喉に突っかかった骨が、何をしても取れないような。喉まで出掛かっている言葉が思い出せないような。この擬かしい感覚に酷く苛立ちが募る。


  なんで思い出せない。


どんな思い出だっていい。たとえソレが史上最悪の思い出でもだ。自分が体験した出来事なのに、自分にだけわからない。それが許せない。


「どうした、マスター。早く席に着きたまえ」


少々心配げな表情と声でマキナの様子を伺ったアーチャーにマキナはハッとして顔を上げる。


「あ、ごめん…」


手にしていたギルガメシュ叙事詩を棚上に置き、マキナは食卓へと急いだ。アーチャーは、毎日一食は必ず魚料理をいれてくれる。今まではただ嬉しいと思っていただけだが…今日の話を踏まえて考え直すと、もしやマキナの魚好きを知っての献立だったのか――…?
そんな疑問すら湧いてくるのだった。
マキナの好みまで把握する暗殺者など、怖すぎることこの上ない。


「アーチャーの私への復讐の内容がわかった」


アーチャーに椅子を引かれ、着席をしながらマキナはぽつりと言った。


「…君に復讐はしないと言っただろう。」


その後、その向かいに着席をしながらアーチャーは溜息を吐く。馬鹿を言っていないで、冷める前に食べてくれ。とアーチャーはマキナに箸を持たせるのだが―――…


「アーチャーさ、昼間私に言ったじゃん。私なんて役立たずだから夕飯の献立でも考えてろって」
「…確かに言ったが…」
「かと思えば私から夕飯の献立を考えるお仕事まで奪うなんて要するに私の最後の尊厳を奪おうって魂胆でしょ?この外道」


さっきまであんなに念入りに銃の手入れをしていたのに――否、だからこそ安心してマイルームを出て一息ついていたのに。いざ帰って夕飯の支度をしようとしたら、その仕事を奪われていた。役立たずの烙印を押されたマキナのささやかな自尊心はボロボロである。


「ち、違うぞそれは!私はただ君が疲れているだろうと…」


いや、わかっているのだ。勿論。アーチャーが善意で家事をこなしてくれているだろうことは。その上で、敢えておちょくるような発言をし、だからこそ、マキナは頭を抱えるのだ。


「……アーチャーは私が原因で死んじゃったワケでしょ?なのにどうして私に優しくしようとしてくれるの…?」


それを聞いたアーチャーは、改めて溜息を吐く。いいから箸を動かしたまえ、と少々凄みを利かせてマキナに要求する。マキナは慌てて言われた通りにし、いただきますと小さく一礼した。


「君に恩があるから、と言ったはずだ」


確かにそれも聞いた。だが、腑に落ちないままだ。先ほどは大勢の前で憚られるのではないかと思って深く問い質さなかったが…今は二人しかいない。マキナは食い下がったのだった。

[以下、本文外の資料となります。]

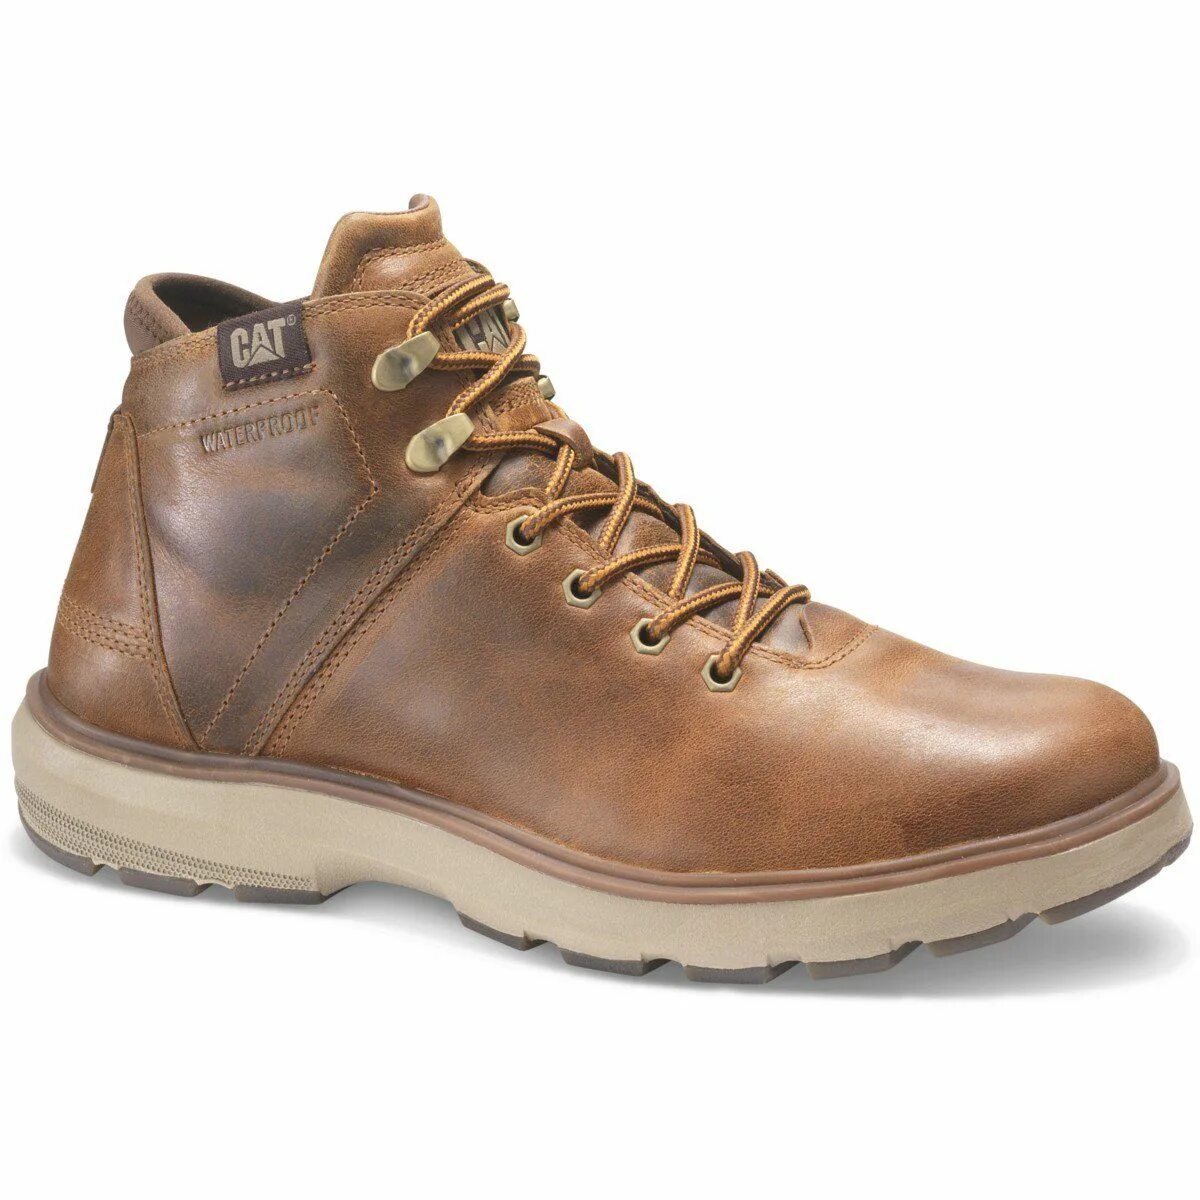 Ботинки Caterpillar founder TX men's Boots p718051. Caterpillar ease ботинки мужские. Катерпиллер обувь мужская ботинки Cat. Ботинки мужские Cat p724056. Ботинки caterpillar мужские купить

「…ごめんね、うん、料理はすごくおいしいよ!私さんま大好きだし!―――でもさ…私に受けた恩って何…?だって私アーチャーに…エミヤシロウに会ったこともないんだよ?気になってさんまのおいしさに集中できないんだけど…」
「それは―――…」


改めて、答えに窮するアーチャーを見て、その表情が何を意味しているのかを探ろうとする。


「もしかして――…」


死して尚、言い憚られるようなこととはなんだろうか。利害関係が絡むことではないだろうことは、瞭然だが――…

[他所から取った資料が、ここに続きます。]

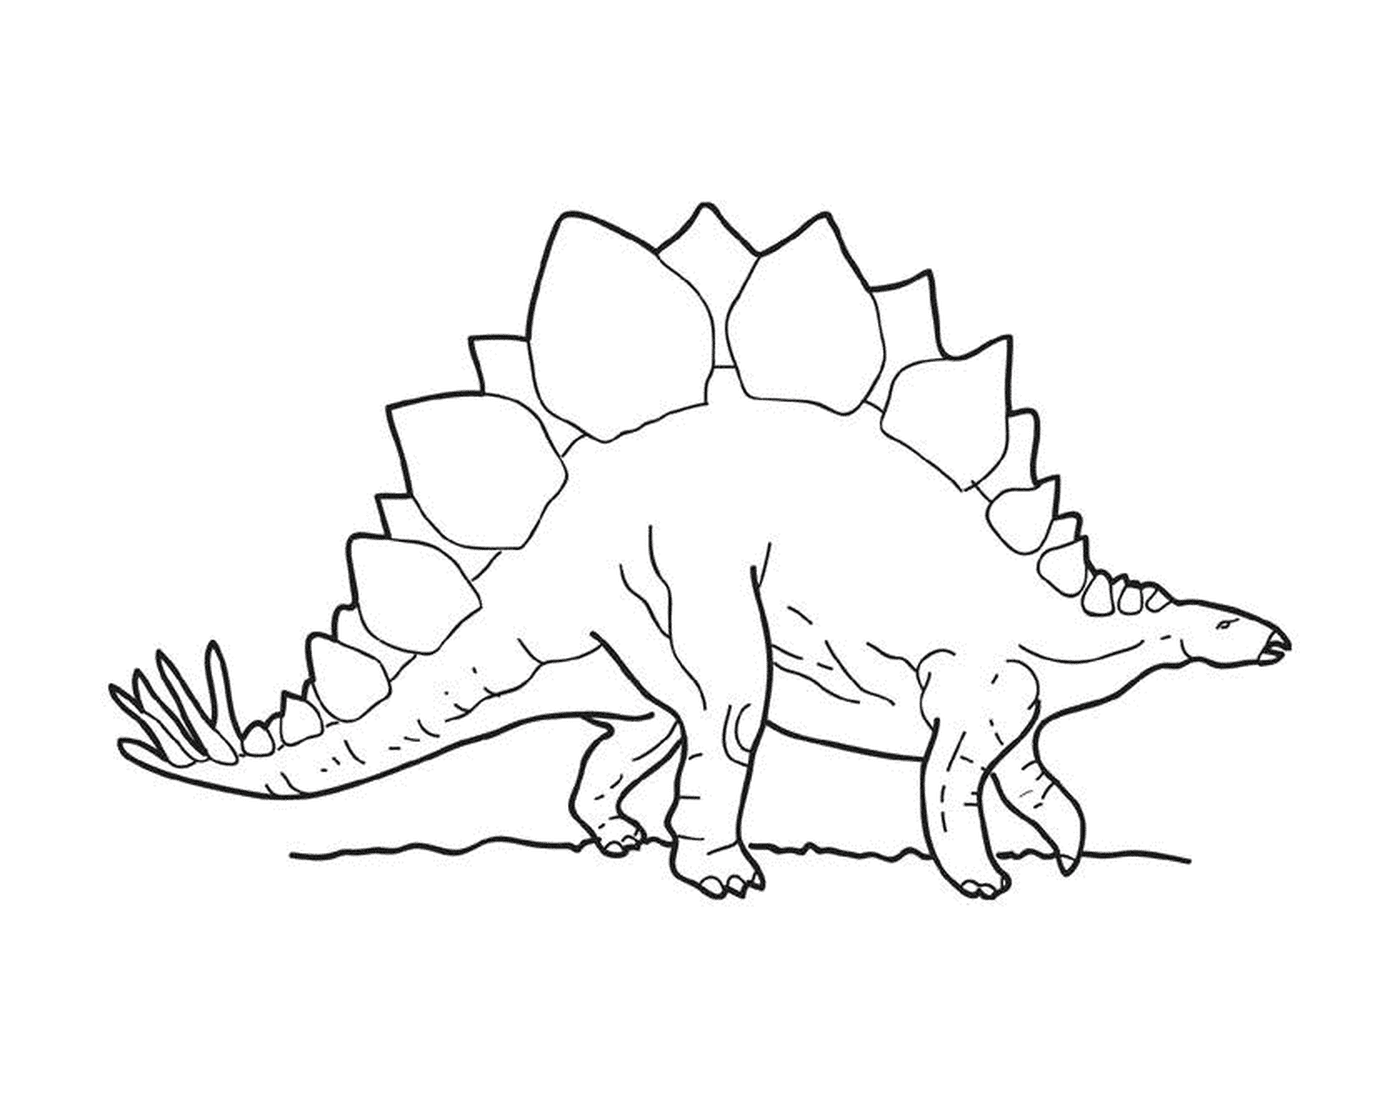  Un estegosaurio de pie

「アーチャー、昔私をサーヴァントとして召喚したことがあったりするの?」


アーチャーがマキナを見かけたことはあったとしても、マキナはアーチャーを見たことは一度もなかった。記憶力だけはいい。今回BBに封印された記憶は別にして、マキナが忘れるなんてことはありえないのだから。――となると、最早マキナが『今後出会う』可能性くらいしか考えられないのではないのか。


「なんでさ!いや、なんでそうなる!」
「だ、だって前例があるから……!」
「岸波白野のようにか?そうだな……いい線を突いてるが、生憎違う。」


―――違うのか。
しかし、“いい線を行っている”というのが余計に混乱を深める。マキナは眉根を傾げたまま無言でアーチャーを見た。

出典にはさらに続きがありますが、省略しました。